Jesus invites them in but doesn’t give them much to go on. It’s up to them to do the following on their own. The invitation is offered, but the truth must be grasped by the one seeking it. Given that John the gospel-writer (and, along with him, the early Christian movement) seek to distinguish between Jesus the Messiah and John the Preparer of the Way, the pedagogical difference seems intentional to me. John is the one who shouts out the answers, and Jesus is the one who asks the probing questions.

Preachers like me could learn something from this passage. When I’m teaching a class, I often ask more questions than I answer. The classroom (even the Sunday school classroom) is a “safe place” for me to question the inherited doctrines of the faith: “Did Jesus really rise from the dead?” and “Does it matter whether Mary was a virgin?” But, from the pulpit, those questions don’t seem right. Maybe it’s because there is an implied (if not enforced) univocal engagement. No one else gets to speak but me! Or maybe it’s because speaking from the pulpit seems to carry with it the authority of the Church rather than just the authority of the preacher. Whatever the reason, without meaning to, I’ve made the classroom podium a place for dialectical engagement and the pulpit and place for people to just sit and listen. As someone whose job it is to preach the good news of Jesus Christ, that doesn’t seem like a very good pedagogical approach.
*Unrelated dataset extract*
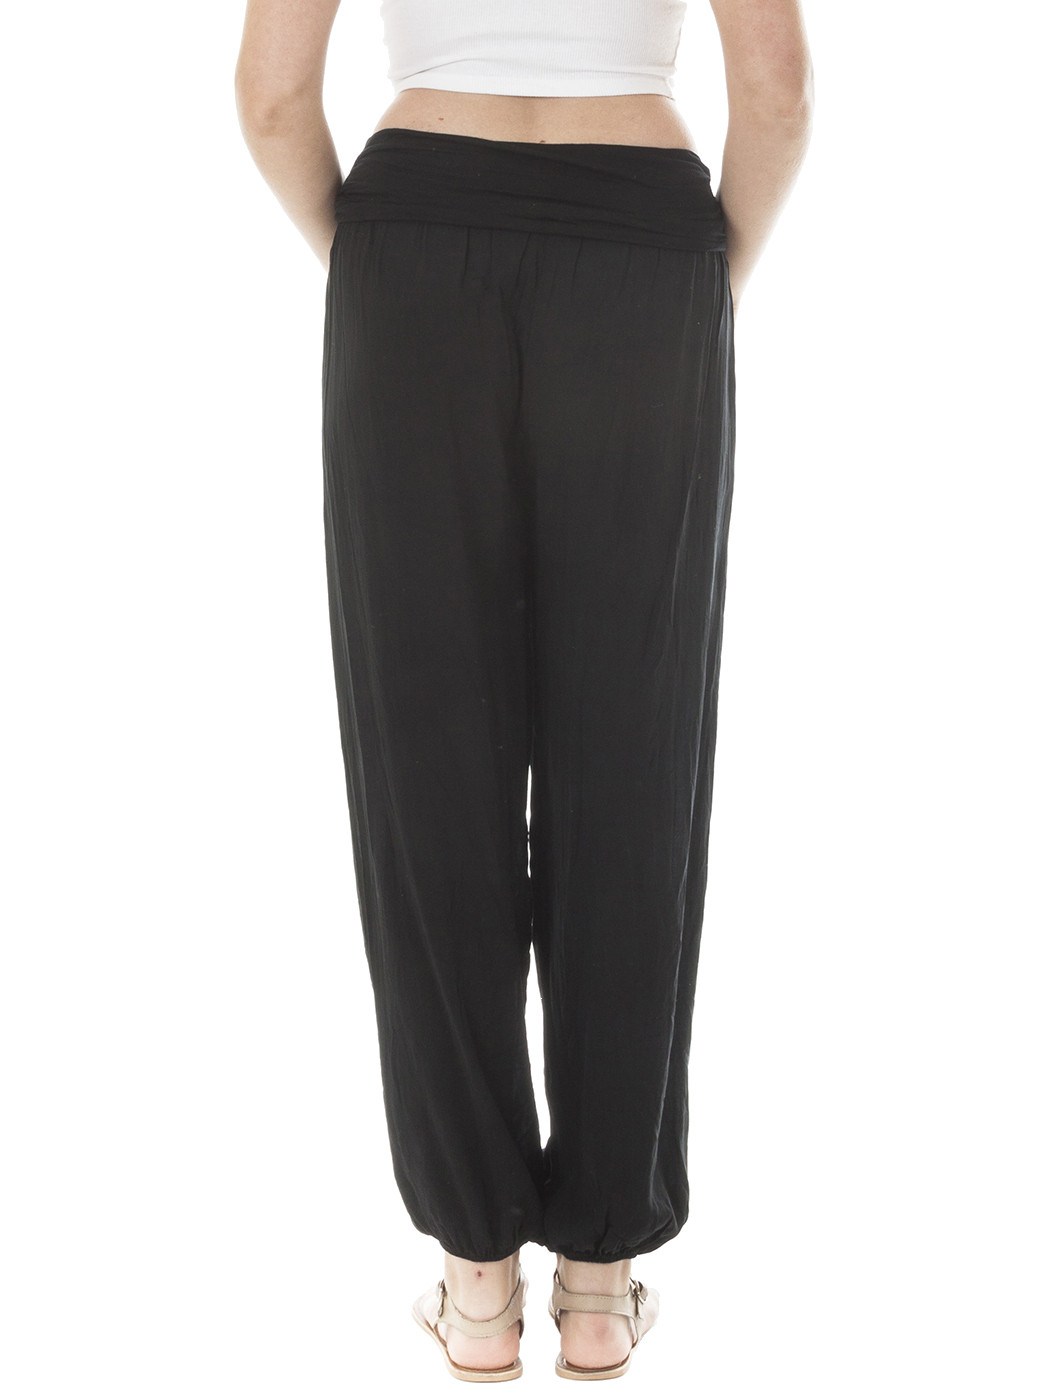 New Womens Italian Lagenlook Baggy Flowy Stretchy Harem Pants Trousers ...

How can I bring more questions into the pulpit? Perhaps it’s by letting Jesus ask the questions himself. He doesn’t pull punches. In the accounts given to us, Jesus never seems to avoid confrontation. Maybe he’s the one who should engage the congregation. What would Jesus ask? How might his words stand for themselves? How might the preacher bring Jesus’ pedagogical technique into the pulpit? It’s not up to me to interpret what Jesus says as a mother robin might pre-digest a worm before regurgitating it for her young. Let the full-on power of Jesus’ words hit all of us. Let us engage them together. Let us hear what Jesus says and then digest it together. We are in the preaching process as colleagues—not as expert and students.